You must be Canadian, or you know I am...LOL....thanks for all your info...and I will definately be painting it, just when... as there are so many other things that need to be done... like painting our kitchen cabinets as it's not in the budget to get them redone at the moment... so those first then the fireplace...but can't wait...I will definatley post pictures and let you know when I have it done...knowing me, the virgo, I will have it done before summer's end... 

Thanks again... I will make sure to use the glaze and decide on the matte when finished like yourself..and I will try and find a brick to practice on first... I can see why it would help a lot - not so intimidating if I use a practice brick first. 

Thanks again, Krista, the Ontarian....


----------



## eric890 (May 25, 2008)

*Brick-ANew Fireplace Mantle*

Hey everybody,

Has anyone tried one of Brick-ANew's wood fireplace mantles? I read some positive responses about their paint kit so I was wondering if anybody had bought anything else from their site. I am remodeling my house and thinking about putting up a new mantle, so any feedback would be great. Thanks in advance!


----------



## counterform (Nov 16, 2008)

Eyes2020 - which Brick-Anew color did you use - Misty Harbor? Not sure I trust my monitor to display colors correctly


----------



## eyes2020 (May 6, 2008)

*What color I used*

I actually used Twilight Taupe.


----------



## counterform (Nov 16, 2008)

Thanks, Eyes. The fireplace looks great. Ordered.


----------



## counterform (Nov 16, 2008)

eyes2020, another question for you: what color are your walls (brand/hue)? Love the look. Can you tell I want your room?


----------



## eyes2020 (May 6, 2008)

*Paint colors*

Well, I will tell you the room was painted three times before I finally found the color I liked. So, in an effort to save you from the same fate the color on the walls is Benjamin Moore HC 47: Brookline Beige. The bookcases are dove white. I love this room. It is right off our kitchen (Benjamin Moore HC-45 Shaker Beige currnently, but it too may be painted shortly, again.) and has cathedral ceilings (Benjamin Moore, Bone white). Also painted the (ugly black) beams Benjamin Moore, HC 46:Jackson Tan). Whew! Lot's of paint in that one room, eh? Good luck!


----------



## counterform (Nov 16, 2008)

eyes, I appreciate your help here. The room looks great - time well spent


----------



## eyes2020 (May 6, 2008)

Thanks! Send me a post so I know when you have completed yours. I am really looking forward to seeing it.


----------



## idmathis (Dec 14, 2008)

*fireplace*

Wow eyes, I wish I had checked out all the possibilities for fireplaces before I started on ours. We bought a 100 yr. old farm house that had a fireplace put in in the 70's.

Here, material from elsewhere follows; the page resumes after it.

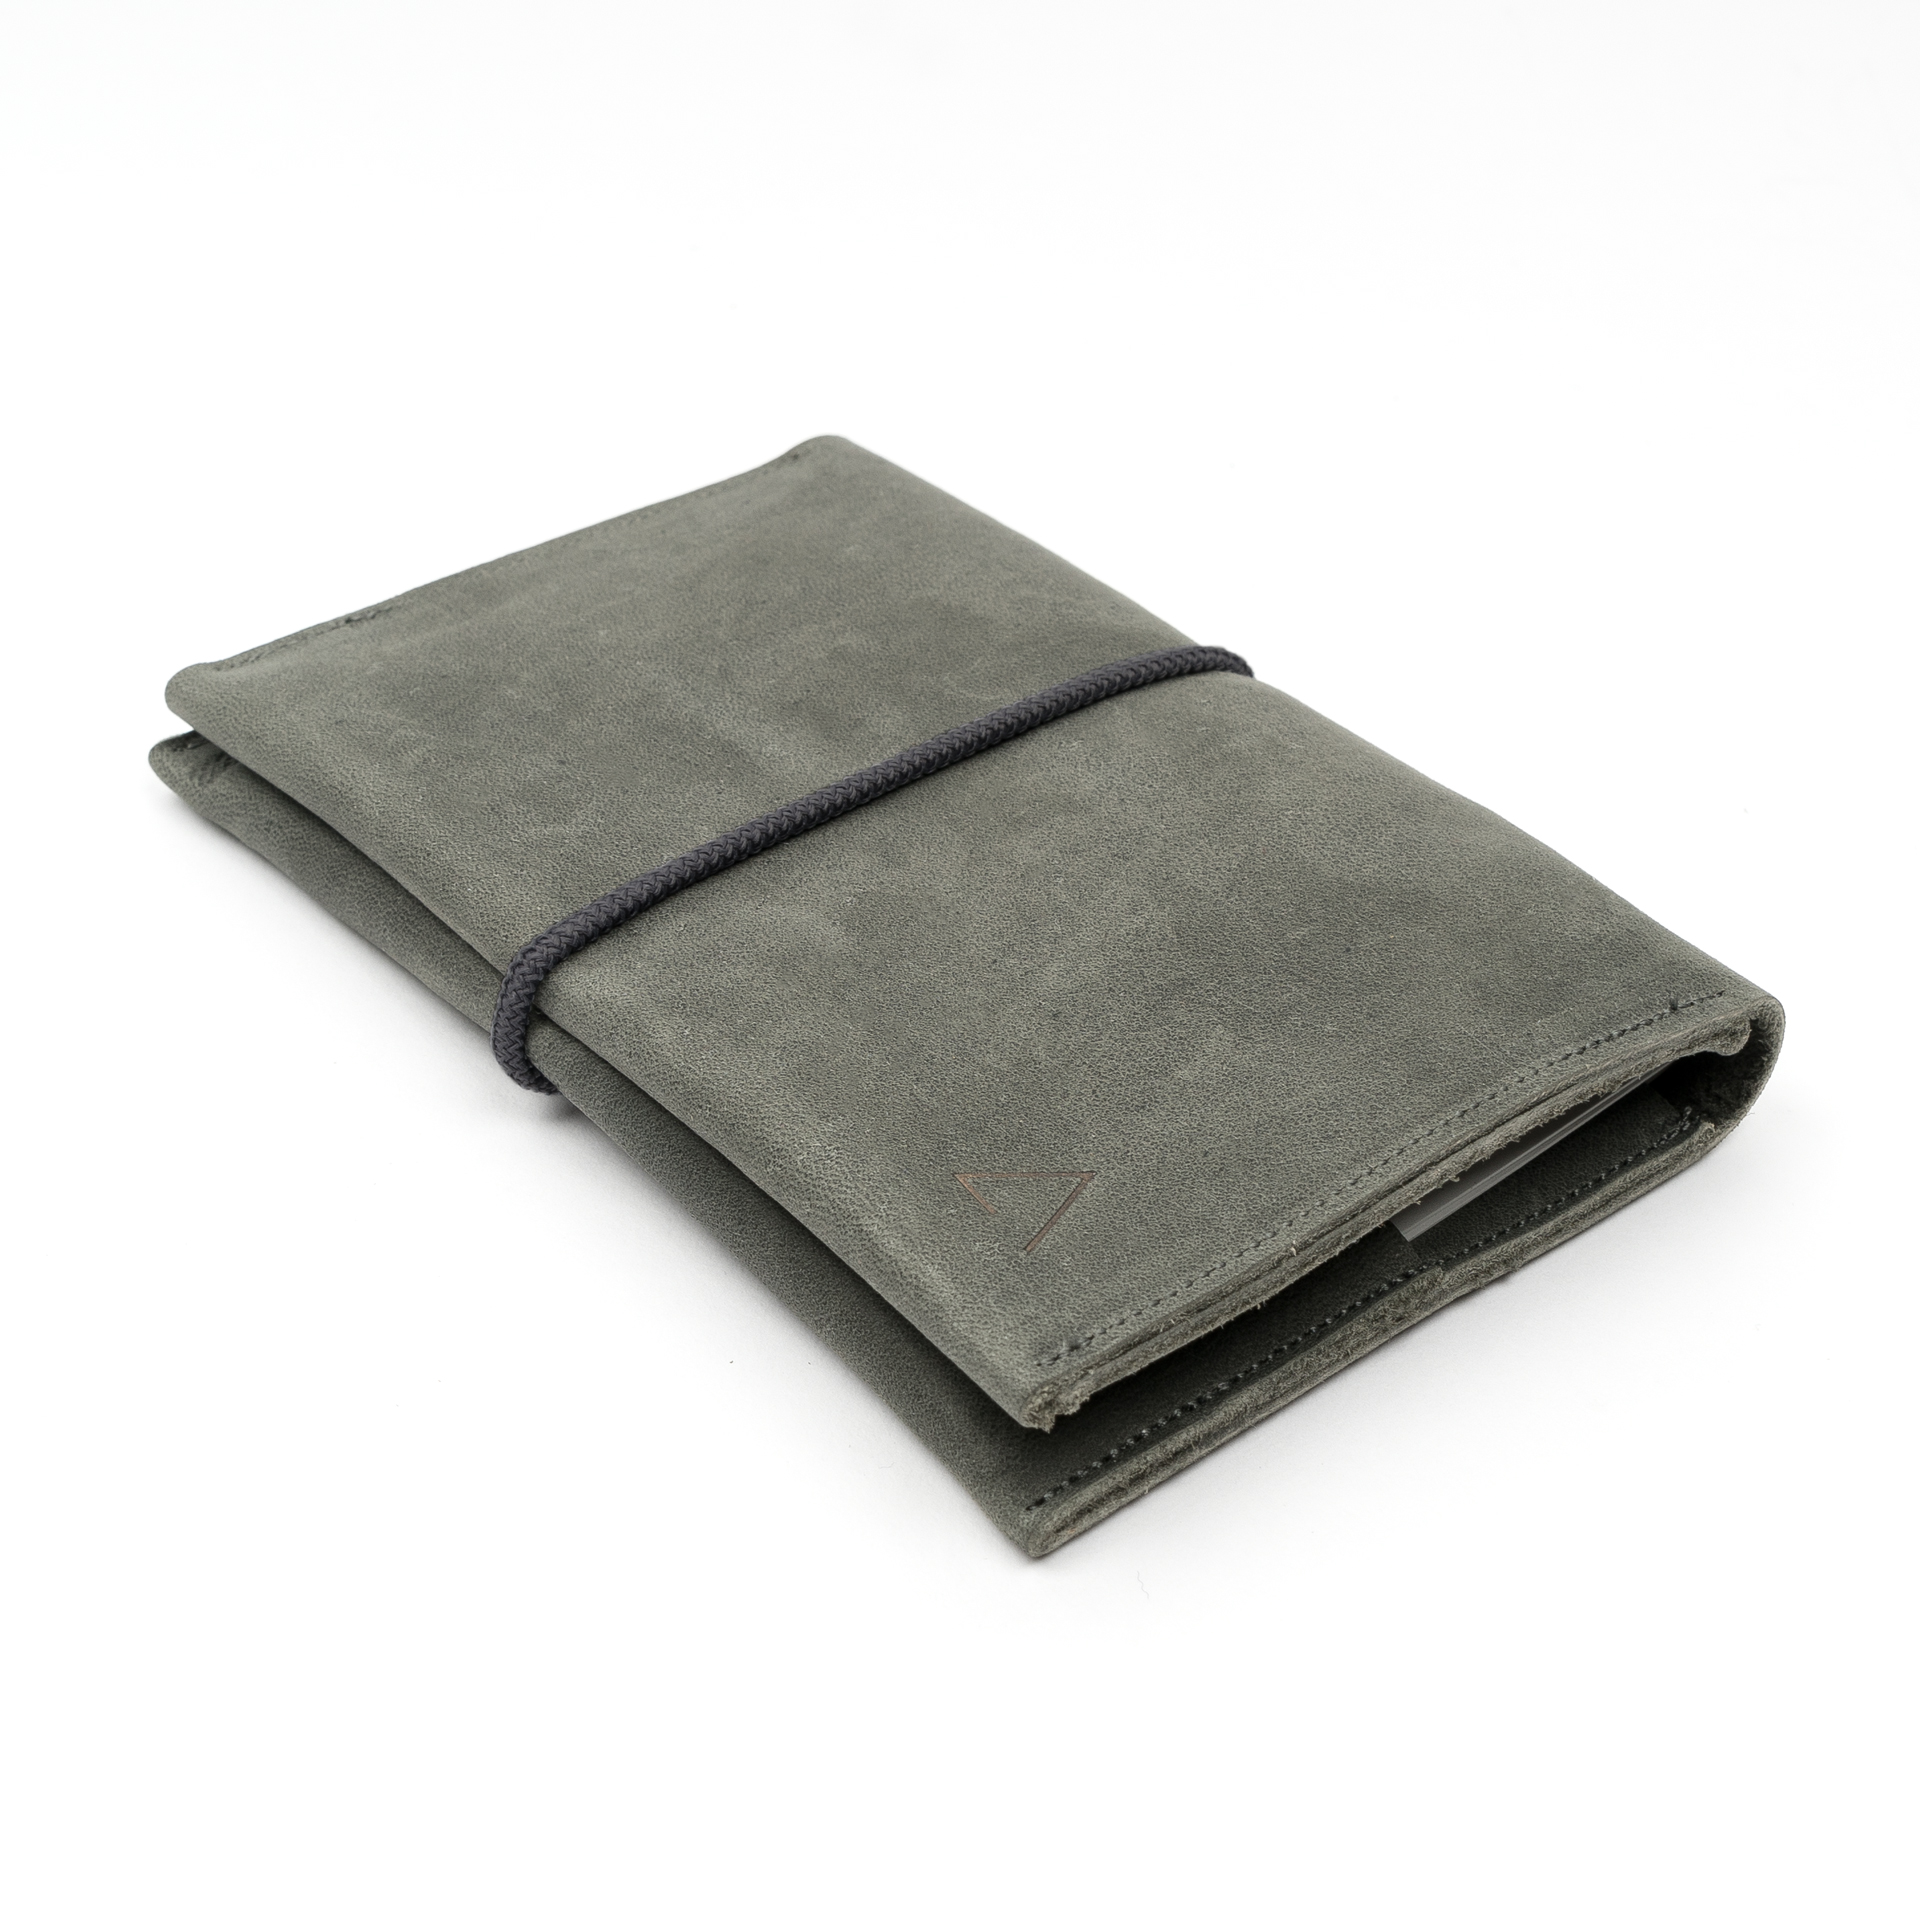 Portemonnaie OLI LARGE aus nachhaltigem Naturleder in Steingrau mit grauem Verschlussband
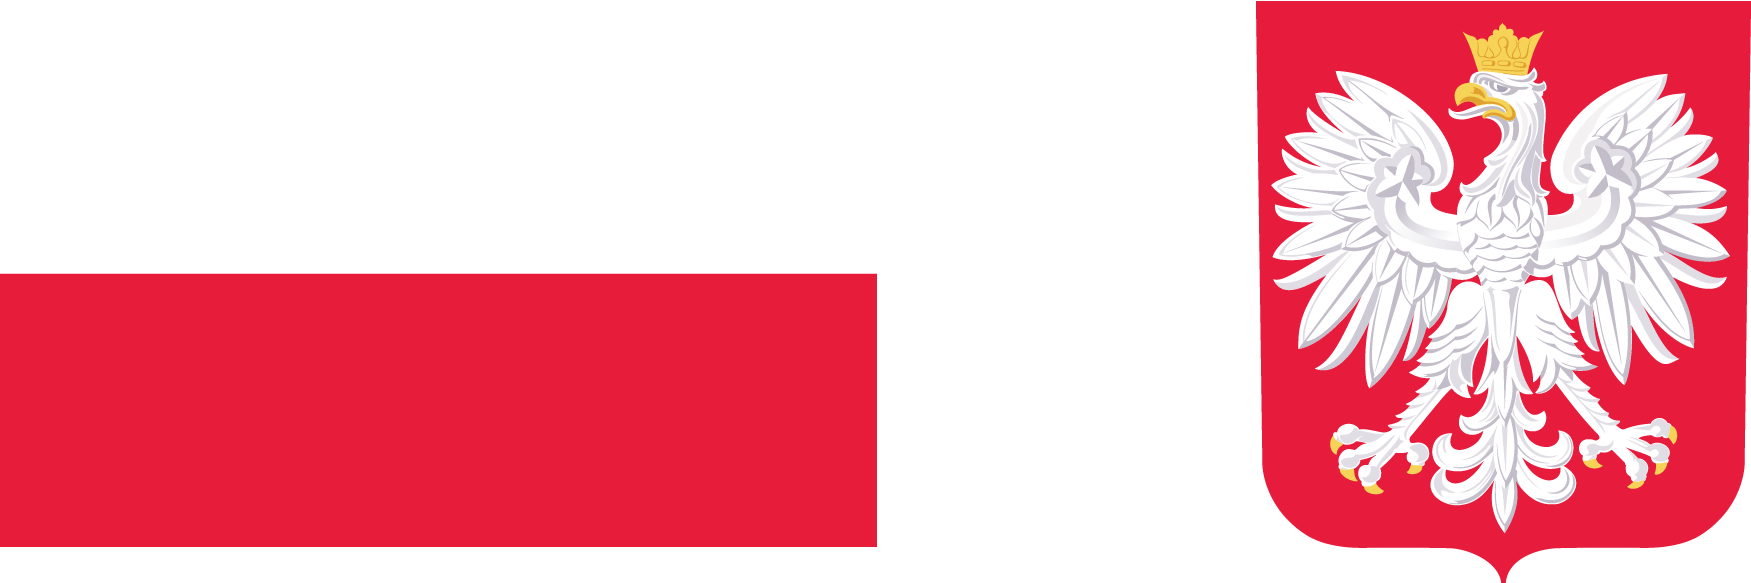 flaga i godło polski nagłówek

Dark ugly paneling above it and white brick with black grout! ick! So I went to the local hardware store and found a product called Multispec Stone Accents. Probably along the same lines as Brick-Anew. But, the primer grout color is only gray! There are other colors to put on the top but the gray really shows through so much that the Balmoral Red top coat looks purple. So after three other colors and now I am trying to mix colors to paint the grout in the cracks a creamy color I hate this product. Your fireplace looks great and I can only hope mine will someday too.


----------